18 #include "llvm/ADT/Statistic.h"
19 #include "llvm/Analysis/CallGraph.h"
20 #include "llvm/Analysis/CallGraphSCCPass.h"
21 #include "llvm/Frontend/OpenMP/OMPConstants.h"
22 #include "llvm/Frontend/OpenMP/OMPIRBuilder.h"
23 #include "llvm/IR/CallSite.h"
24 #include "llvm/InitializePasses.h"
25 #include "llvm/Support/CommandLine.h"
26 #include "llvm/Transforms/IPO.h"
27 #include "llvm/Transforms/Utils/CallGraphUpdater.h"
28 
29 using namespace llvm;
30 using namespace omp;
31 using namespace types;
32 
33 #define DEBUG_TYPE "openmp-opt"
34 
35 static cl::opt<bool> DisableOpenMPOptimizations(
36     "openmp-opt-disable", cl::ZeroOrMore,
37     cl::desc("Disable OpenMP specific optimizations."), cl::Hidden,
38     cl::init(false));
39 
40 STATISTIC(NumOpenMPRuntimeCallsDeduplicated,
41           "Number of OpenMP runtime calls deduplicated");
42 STATISTIC(NumOpenMPRuntimeFunctionsIdentified,
43           "Number of OpenMP runtime functions identified");
44 STATISTIC(NumOpenMPRuntimeFunctionUsesIdentified,
45           "Number of OpenMP runtime function uses identified");
46 
47 #if !defined(NDEBUG)
48 static constexpr auto TAG = "[" DEBUG_TYPE "]";
49 #endif
50 
51 namespace {
52 struct OpenMPOpt {
53 
54   OpenMPOpt(SmallPtrSetImpl<Function *> &SCC,
55             SmallPtrSetImpl<Function *> &ModuleSlice,
56             CallGraphUpdater &CGUpdater)
57       : M(*(*SCC.begin())->getParent()), SCC(SCC), ModuleSlice(ModuleSlice),
58         OMPBuilder(M), CGUpdater(CGUpdater) {
59     initializeTypes(M);
60     initializeRuntimeFunctions();
61     OMPBuilder.initialize();
62   }
63 
64   /// Generic information that describes a runtime function
65   struct RuntimeFunctionInfo {
66     /// The kind, as described by the RuntimeFunction enum.
67     RuntimeFunction Kind;
68 
69     /// The name of the function.
70     StringRef Name;
71 
72     /// Flag to indicate a variadic function.
73     bool IsVarArg;
74 
75     /// The return type of the function.
76     Type *ReturnType;
77 
78     /// The argument types of the function.
79     SmallVector<Type *, 8> ArgumentTypes;
80 
81     /// The declaration if available.
82     Function *Declaration = nullptr;
83 
84     /// Uses of this runtime function per function containing the use.

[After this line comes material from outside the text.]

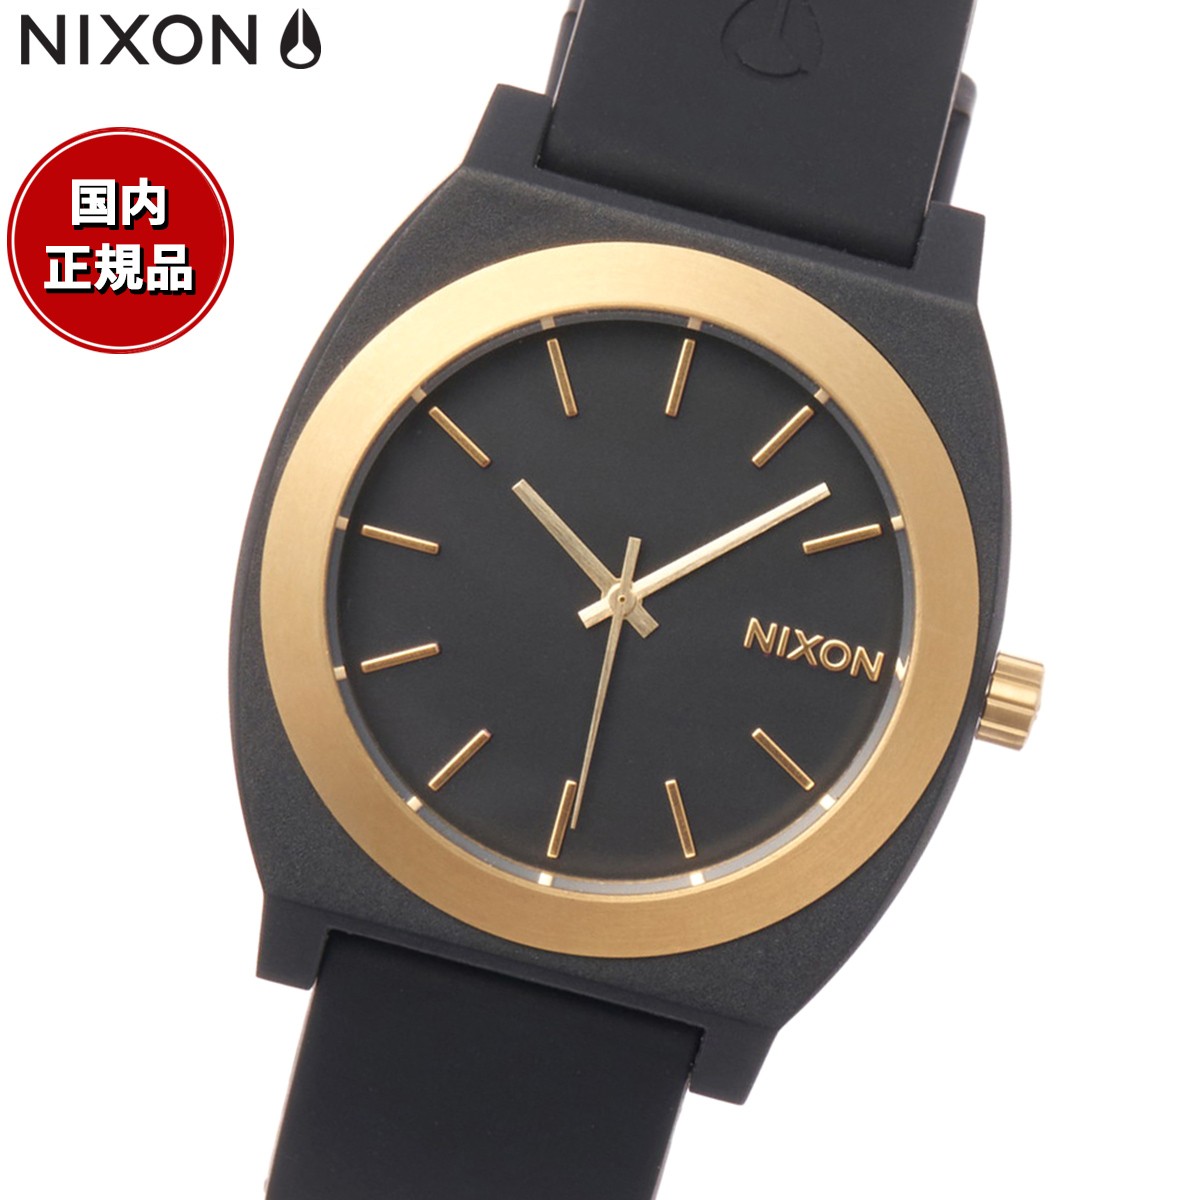 ニクソン NIXON タイムテラー OPP Time Teller OPP 日本限定モデル 腕時計 メンズ レディース ブラック/マットゴールド A13615170-00

85     DenseMap<Function *, SmallPtrSet<Use *, 16>> UsesMap;
86 
87     /// Return the number of arguments (or the minimal number for variadic
88     /// functions).
89     size_t getNumArgs() const { return ArgumentTypes.size(); }
90 
91     /// Run the callback \p CB on each use and forget the use if the result is
92     /// true. The callback will be fed the function in which the use was
93     /// encountered as second argument.
94     void foreachUse(function_ref<bool(Use &, Function &)> CB) {
95       SmallVector<Use *, 8> ToBeDeleted;
96       for (auto &It : UsesMap) {
97         ToBeDeleted.clear();
98         for (Use *U : It.second)
99           if (CB(*U, *It.first))
100             ToBeDeleted.push_back(U);
101         for (Use *U : ToBeDeleted)
102           It.second.erase(U);
103       }
104     }
105   };
106 
107   /// Run all OpenMP optimizations on the underlying SCC/ModuleSlice.
108   bool run() {
109     bool Changed = false;
110 
111     LLVM_DEBUG(dbgs() << TAG << "Run on SCC with " << SCC.size()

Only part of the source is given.